AccessControl::GrantOnRegKey \
HKLM "Software\SoftwareName" "(S-1-5-32-545)" "FullAccess"

; Write the installation path into the registry
WriteRegStr HKLM SOFTWARE\SoftwareName "Install_Dir" "$INSTDIR"

WriteRegStr HKLM "Software\Microsoft\Windows NT\CurrentVersion\AppCompatFlags\layers" \
"$NameOfTheExeFile.exe" "RUNASADMIN"


Why on Earth are you doing that? Where are you installing to that requires you to change folder permissions?

Either way I see some issues with your code:

  1. Your first call to AccessControl will always fail - the username/SID argument is not optional (i.e. this will result in stack corruption).
  2. S-1-5-21 is not a valid security identifier.
  3. S-1-5-32-545, Users and BU are all the same BUILTIN\Users group!

Stu

1. True, i've notice now that it has no identifier.

2. It is a valid identifier S-1-5-21 - According to Microsoft is the Domain Admin - http://support.microsoft.com/kb/243330

3. Use the SID "(S-1-5-32-545)" instead of "(BU)" for Windows 7 - "(BU)" doesn't work. This may also help for non-English installations.

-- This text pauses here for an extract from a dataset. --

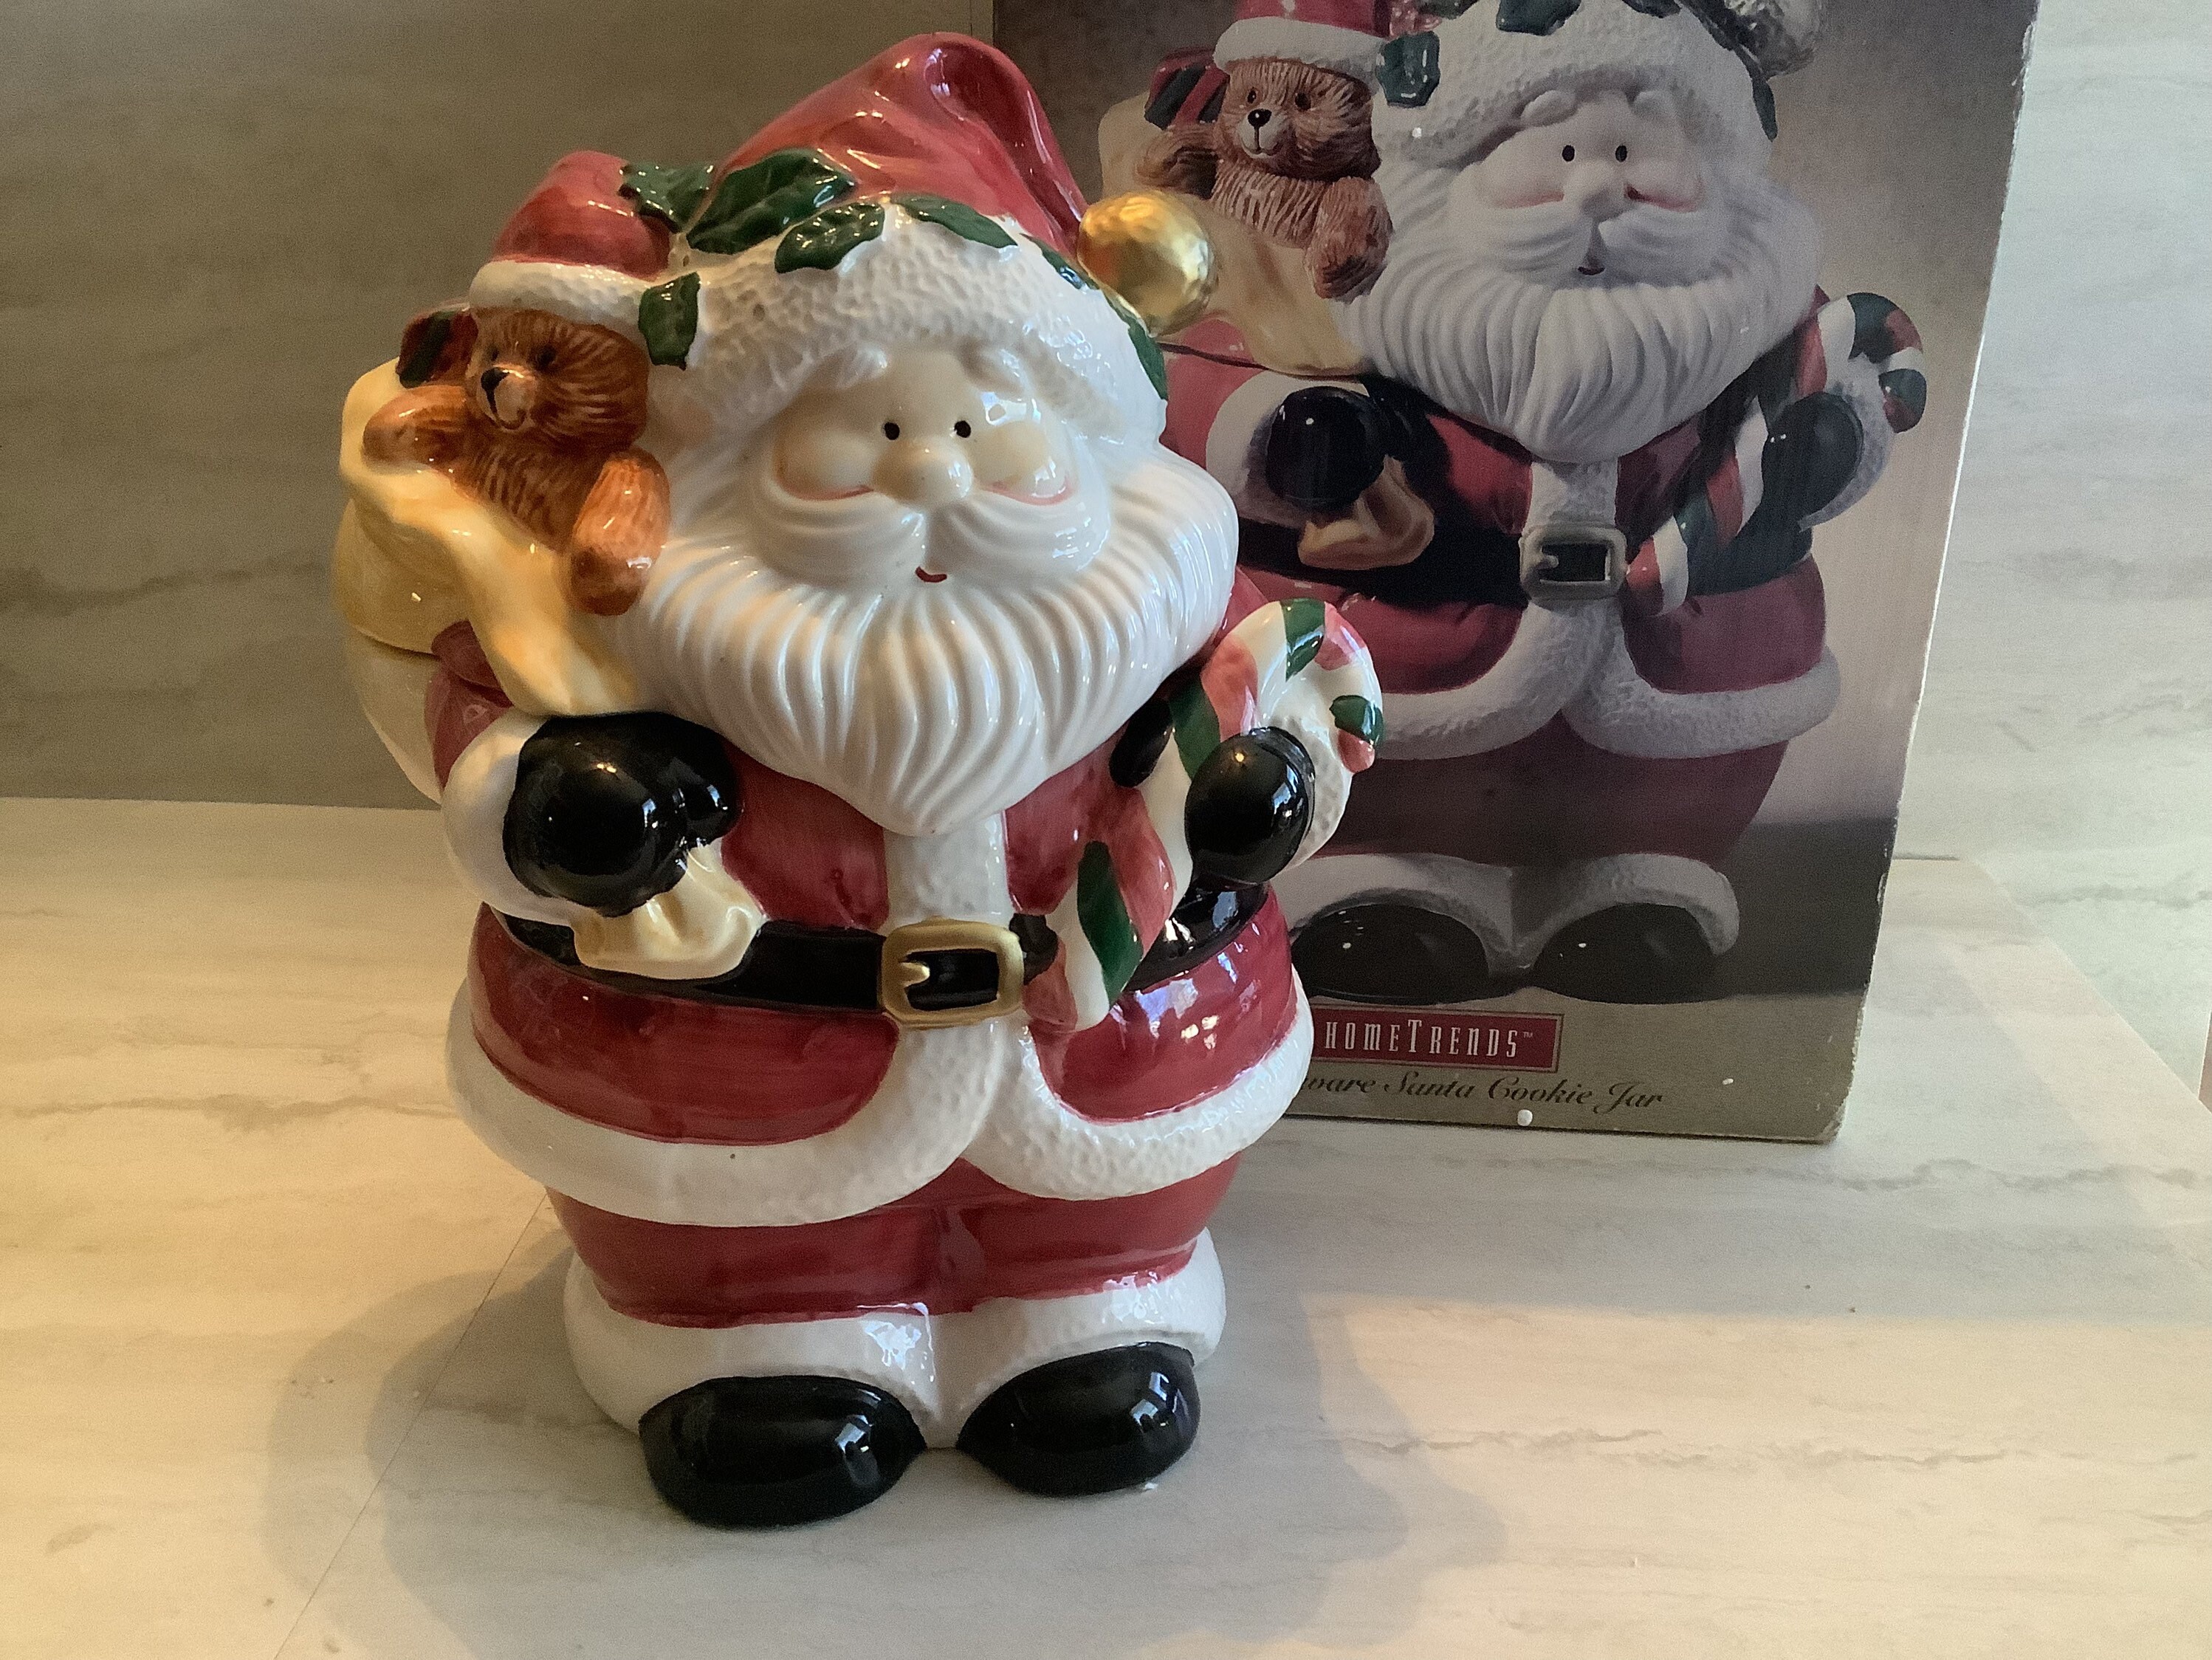 OSALADI Christmas Cookie Jars Santa Claus Candy Jar Glass Food Storage  Canisters Xmas Treat Container Tea Can with Lid for Kitchen Counter Holiday

http://nsis.sourceforge.net/Talk:AccessControl_plug-in


Originally posted by donose.mihai
2. It is a valid identifier S-1-5-21 - According to Microsoft is the Domain Admin - http://support.microsoft.com/kb/243330
No, the domain administrator's SID is S-1-5-21domain-512 where domain is taken from the domain or machine SID. Similarly the local administrator's SID is S-1-5-21domain-500. S-1-5-21 on its own means nothing (try it in the active directory object browser).

Stu

thanks...you're right regarding the S-1-5-21, but bottom line is that i've done it....no UAC message appears and the application updates itself without any issues.